I appreciate LLM output able to draft out sketches of results (and yes, a lot of the time, getting exactly the right result). And it’s great as a learning tool (especially if you’re diligent in the trust + verify department). But I worry that people are not taking opportunities to sit down and actually use the output as the sketch, and to insert the sort of precision that comes from the “infinite context” of the human working on the problem. Devs can’t just decide to opt out of getting into the details IMO


> Over and over again I have witnessed people just drive themselves in circles downstream of a refusal to just step out of the “make the LLM fix the issue for me” loop.

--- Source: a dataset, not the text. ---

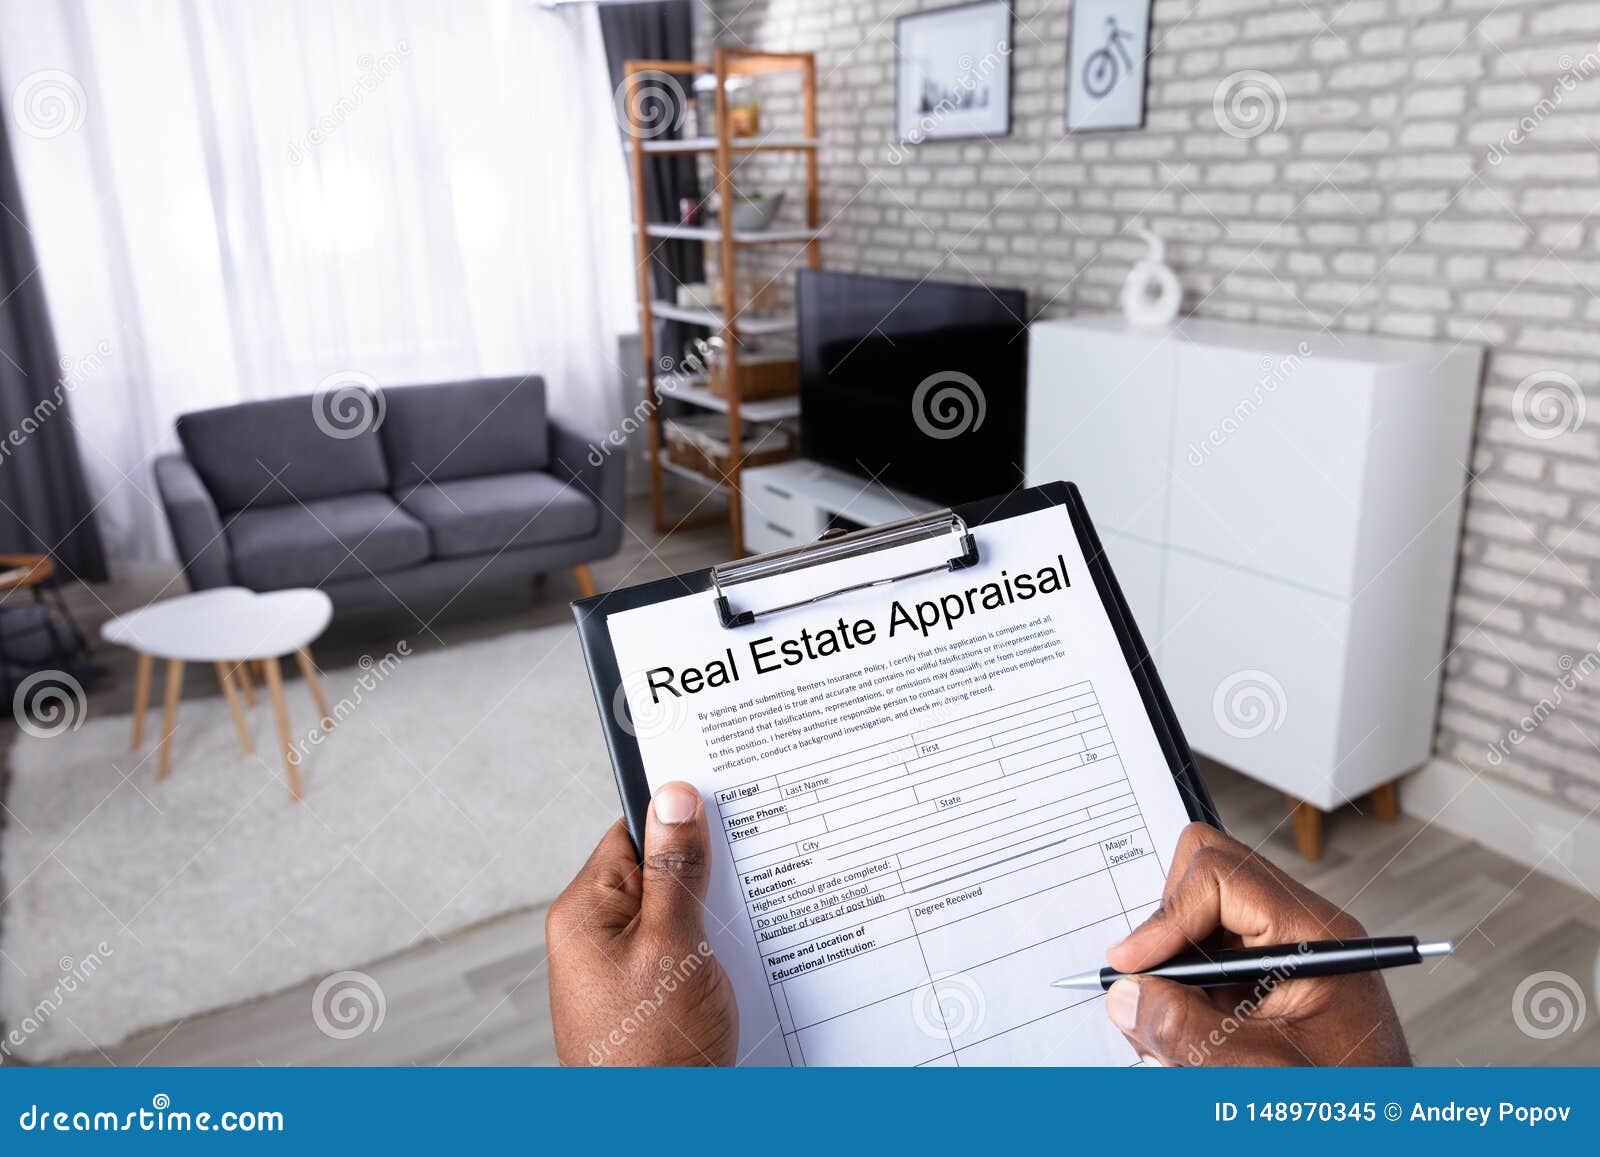 man filling real estate appraisal form

You're reminding me of a 1997 talk by an American Airlines trainer about automation dependency and when dropping down a level of automation reduces workload: <https://www.youtube.com/watch?v=WITLR_qSPXk>


cool talk, respect him making the point in 20 minutes. There's a lot of levels of applying this when programming, not just with LLM usage.


> Over and over again I have witnessed people just drive themselves in circles downstream of a refusal to just step out of the “make the LLM fix the issue for me” loop.

I think that's an amazing encapsulation of my experience with LLMs.

They can be great tools, but you need to extremely willing to throw away their output and start over instead of trying to incrementally fix what they give you.


I kind of agree. I’ve had very mixed experiences with LLMs and DSLs.

I was writing an NRQL query (New Relic’s log query language) and wanted to essentially do a GROUP BY date_trunc. It kept giving me options that I was eager for, and then the functions it gave me just didn’t exist. After like four back and forths of me telling it that the functions it was giving me didn’t exist - it worked.

Then I needed it to split on the second forward slash of a string and just give me the first piece. It gave me the foundation to fill in the gaps of the function, but the LLM never got it.

In that case, I assume it’s a lack of training data since NRQL is pretty niche.

I catch myself swinging from “holy shit this is impressive” to “wow this sucks” and back regularly for code.


This is similar to my experience with LLMs and DSLs. They tend to hallucinate functions that will magically work in the situation you are describing. My pet theory here is that they are fooled by many forum posts/issues "why doesn't a function exist in this DSLs called ABC that does this?"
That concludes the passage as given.